Schools all over the world are shutting down, from India to the US to Iran. This will cause economic stress for some parents, creating situations that may lead to child labour. And it may lead to an increase in child marriage, as well, as a strategy for household capital formation. A recent report by the International Monetary Fund (IMF) suggests education-based initiatives are key in alleviating vulnerability to child marriage. If the disruption to education systems becomes a long-term prospect, child marriage may rise.
3. Disruption of anti-slavery efforts and government response
Finally, the social and economic disruptions caused by COVID-19 will fragment response efforts in numerous ways.
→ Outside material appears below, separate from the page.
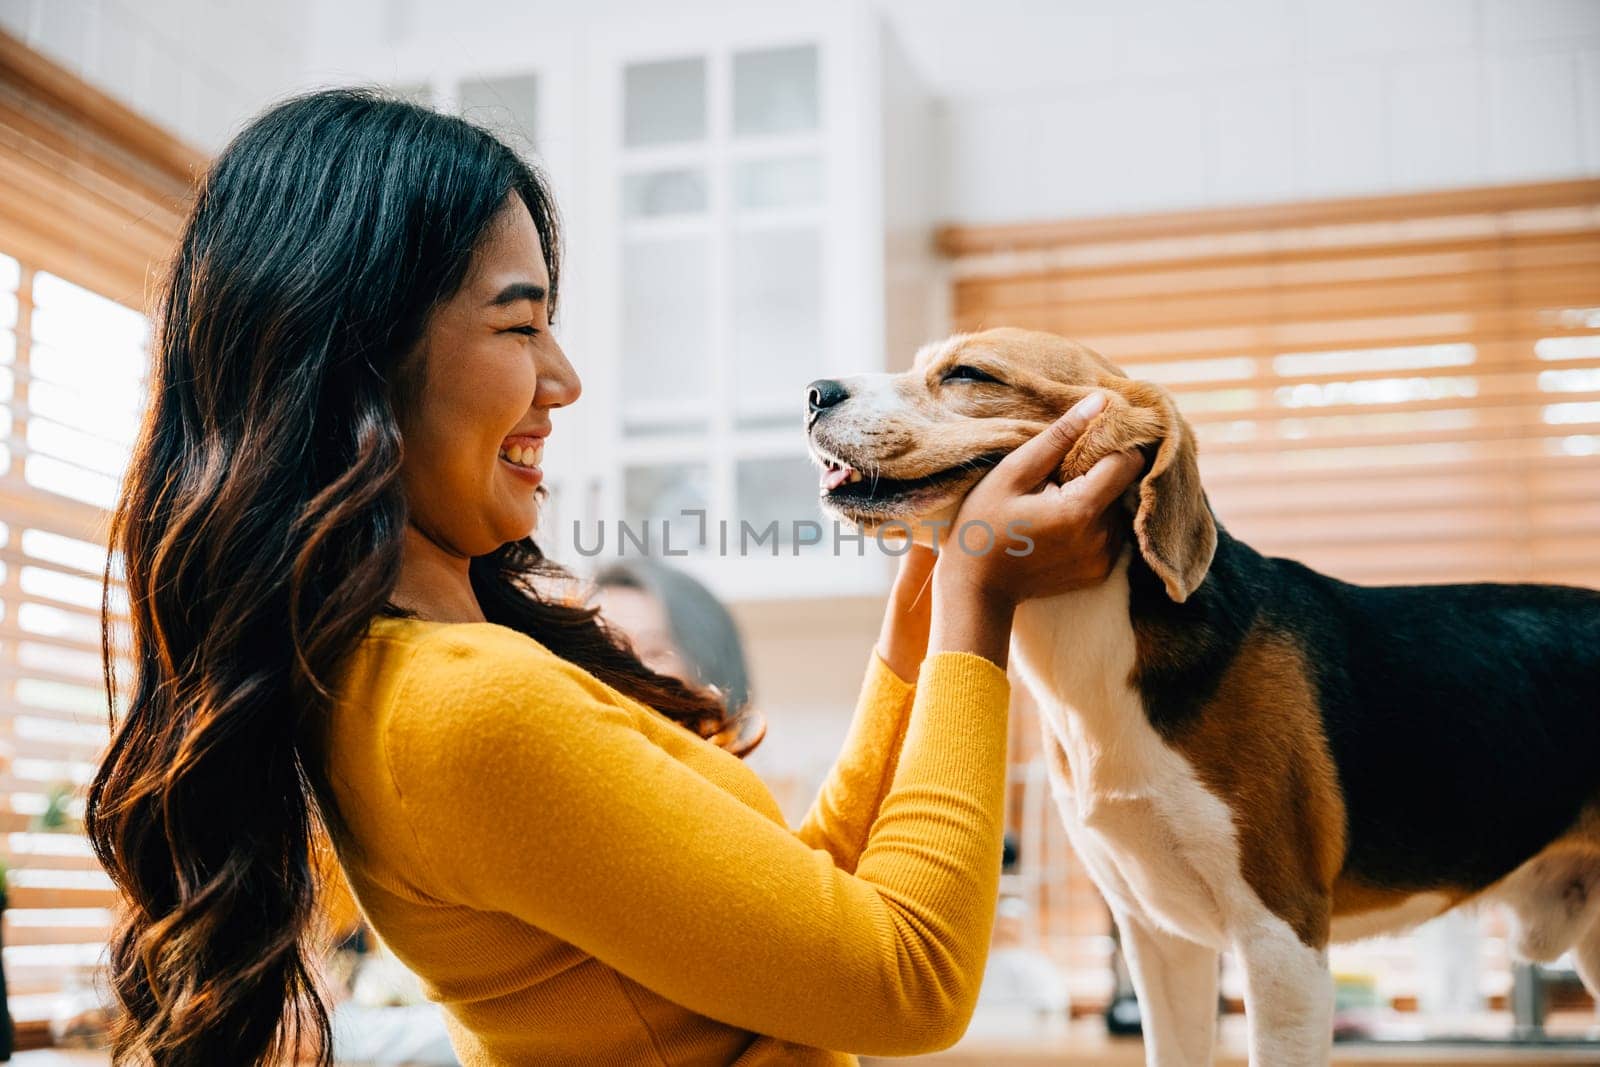 With her Beagle, an Asian woman embraces the kitchen as a place of happiness and play. Their joyful interaction exemplifies the care, togetherness, and family enjoyment of having a pet. Pet love by Sorapop

Many government and civil society response organisations have had their movements impeded. In Brazil, anti-slavery operations have halted, as the government’s special mobile enforcement group is suspended for fear of exposure to the virus.
And the resources needed to sustain anti-slavery efforts — including funding and attention — will be harder to seek. NGOs that provide critical protections—including shelters and reintegration programs — are likely to be adversely affected as donors turn their attention elsewhere.
Angharad Smith and Dr James Cockayne are both with Delta 8.7.
This article is curated from the World Economic Forum website.